Para pengangkut kayu selalu menyempatkan diri berhenti di Sungai Keditan, terkadang mereka mandi atau sekadar berhenti untuk melepas lelah. Dan selalu saja ada di antara mereka yang melihat ke arah rumah si buta dan bertanya tentangnya. Bagaimana cara ia mendapatkan makanan, apa yang ia lakukan sepanjang waktu, apa gerangan yang ia tunggu dan sebagainya. Dan seingat mereka selama lewat di jalan setapak depan rumahnya mereka selalu melihat si buta tengah duduk di pintu, memandang ke arah sungai. Tidak jarang kedua mata itu melihat persis ke arah mereka dan memaksa mereka harus mengangguk atau menyampaikan sapaan-sapaan karena merasa telah tertangkap basah berbuat kesalahan.
“Epe ndak mandi?” begitu terkadang salah seorang dari mereka menyapa dan yang lain menyusul dengan bertanya, “Ada dagang untuk-untuk lewat di sini tadi?” atau sekadar mengajak minum tuak hanya untuk berbasa-basi.

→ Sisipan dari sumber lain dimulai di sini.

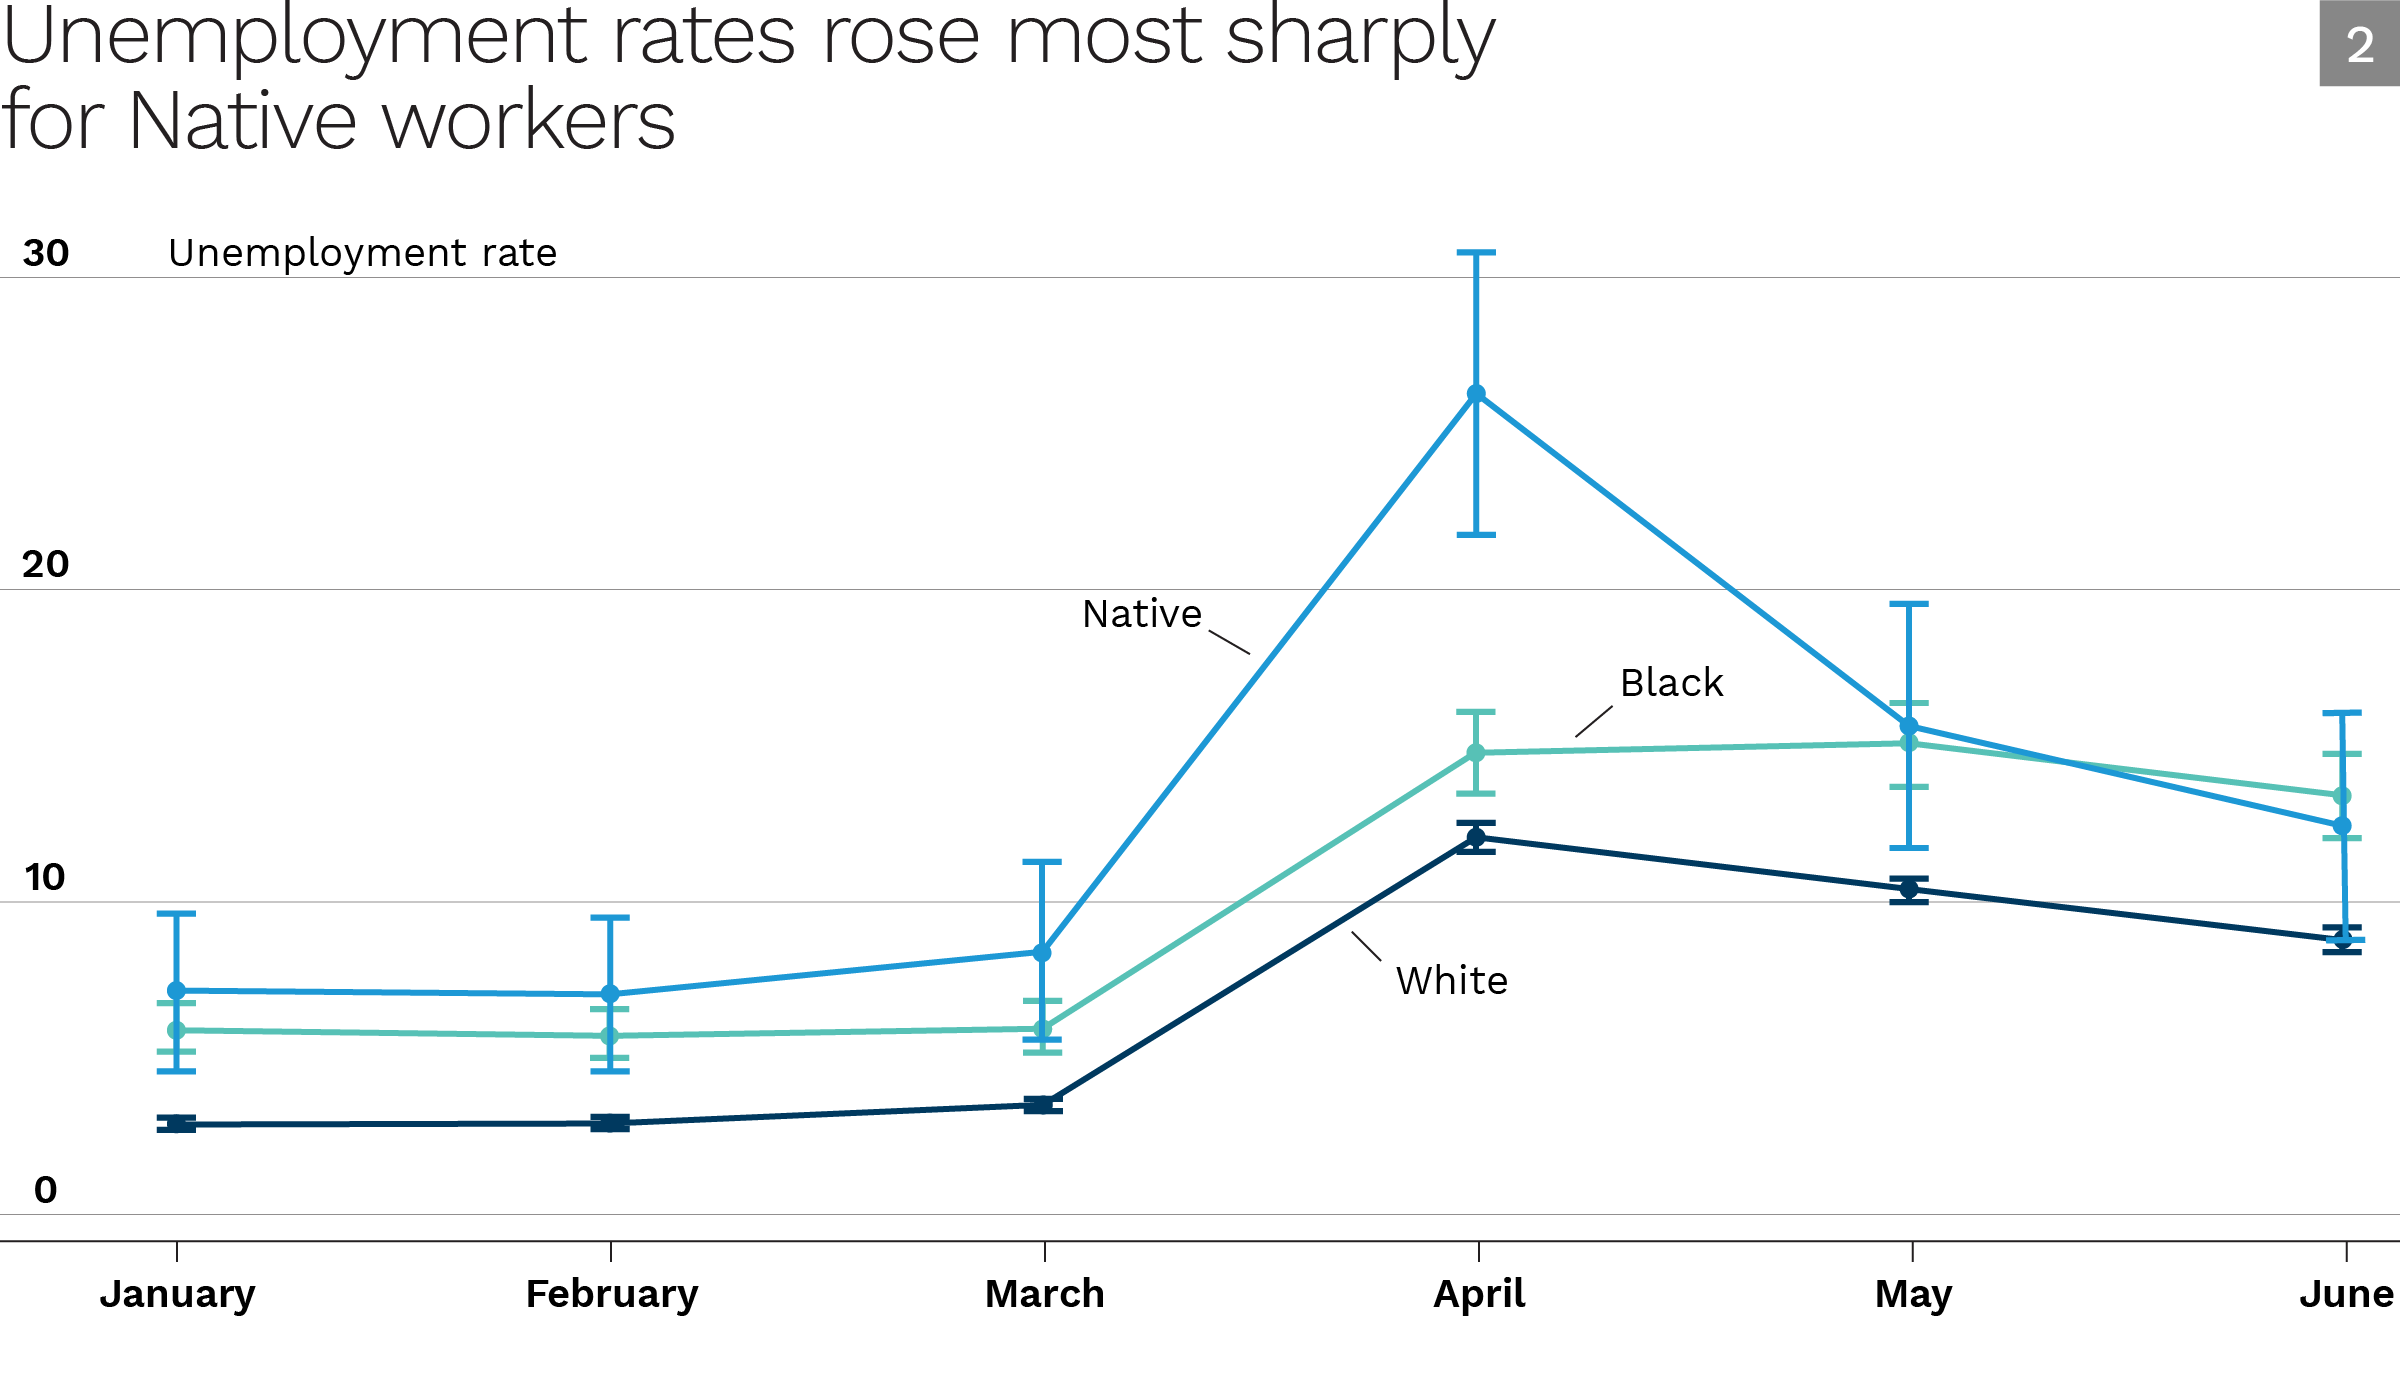 Figure 2: Unemployment rates rose most sharply for Native workers

Selama itu laki-laki buta hanya memandang kosong ke arah mereka. Menggeleng-geleng kecil dan kadang mengangguk-angguk. Tidak ada suara yang keluar dari mulutnya. Respon serupa yang ia berikan kepada pedagang untuk-untuk yang setiap lewat di depan rumahnya selalu berteriak ‘untuk-untuk’ beberapa kali. Ia juga hanya terbatuk-batuk kepada warga yang lewat di depan rumahnya dan mengajaknya pergi minum tuak. Hanya ketika mendengar gemerincing uang logam dan nyanyian bocah-bocah pemburu babi ia akan bangkit dari tempat duduknya dan berjalan mondar-mandir di halaman kecil rumahnya. Kegelisahan seperti tiba-tiba jatuh menimpa tubuhnya.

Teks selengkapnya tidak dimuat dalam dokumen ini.